These are facts Trump wishes to obscure. In response to Trump’s Executive Order 14253, the American Historical Association issued a statement advising that the purpose of historical study “is neither criticism nor celebration.” Instead, it is to understand the past, to understand change and to provide a foundation to shape the future – flaws and all.
That Washington, Jefferson and many other signees of a document of self-evident statements such as “All men are created equal” owned enslaved Black people is well known. And some people do view this fact through a present lens, arguing that we remove such figures from the nation’s pantheon.
Asked to speak in 1852 on Independence Day, escaped former slave Frederick Douglass told those gathered in Rochester, New York, “What have I, or those I represent, to do with your national independence?

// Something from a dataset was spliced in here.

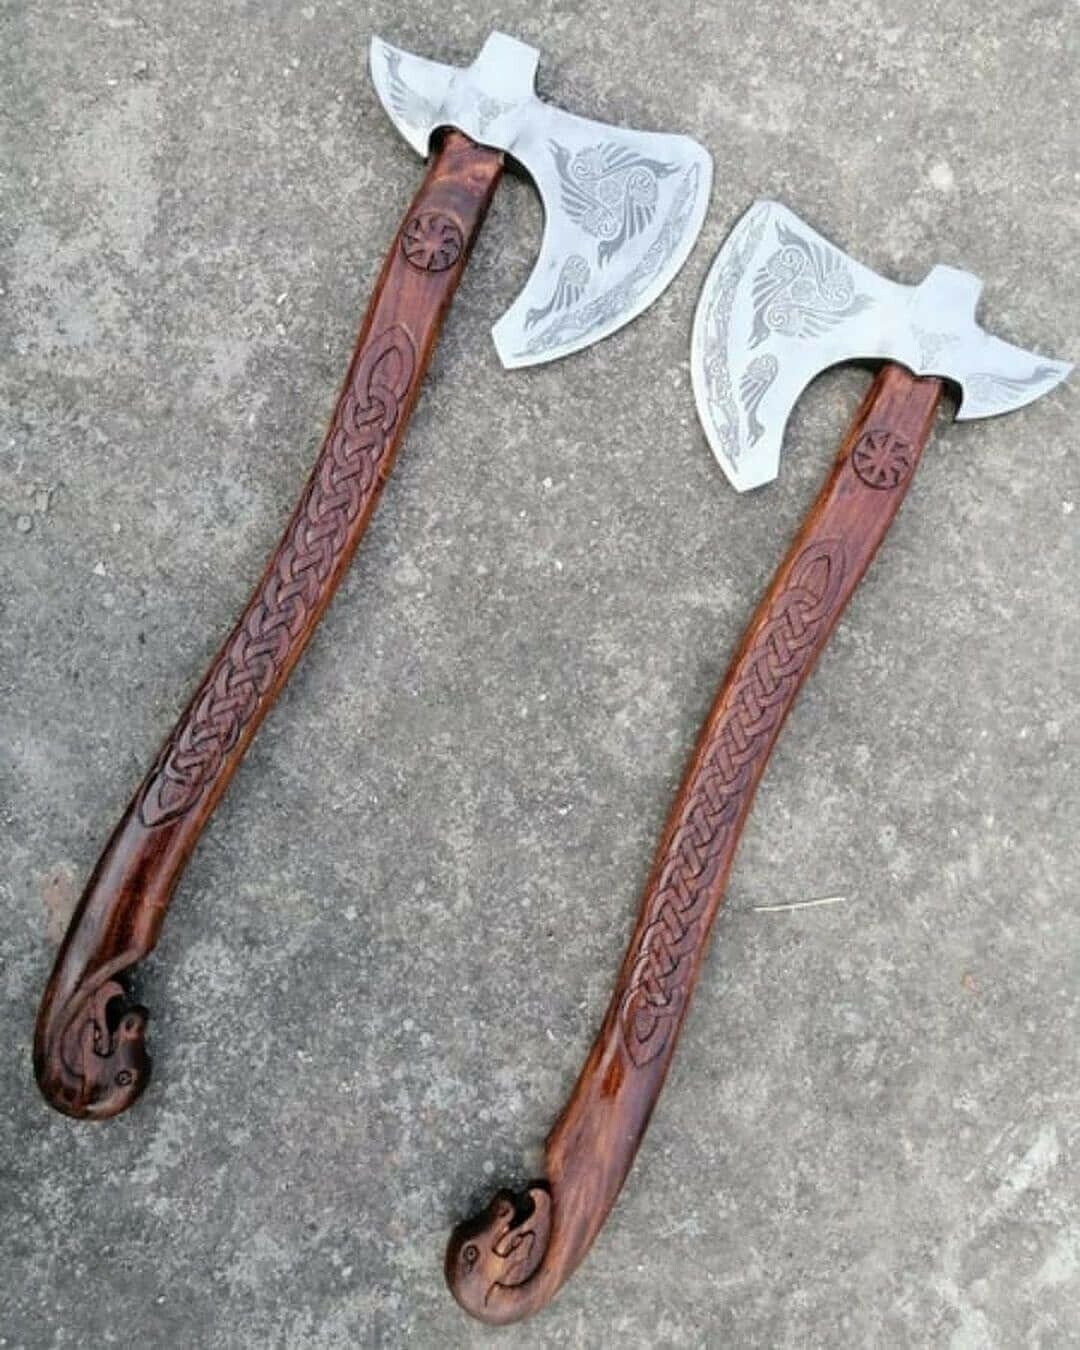 Smith Hand Forged Carbon steel Pair Of Viking Tomahawk Axes With Leather SHEATH

Are the great principles of political freedom and of natural justice embodied in that Declaration of Independence extended to us?” Douglass lashed out at the hypocrisy of the nation, dismissing the celebration of independence as incomplete, the imagined greatness of America as mere vanity and its appeal to liberty as empty rhetoric. Yet he praised those who led the Revolution.
“I am not wanting in respect for the fathers of this republic,” he said. “The signers of the Declaration of Independence were brave men. They were great men, too, great enough to give frame to a great age… The point from which I am compelled to view them is not, certainly, the most favorable; and yet I cannot contemplate their great deeds with less than admiration.”
AMERICA’S PREFERENCE for a mythologized version of its past is not a recent development.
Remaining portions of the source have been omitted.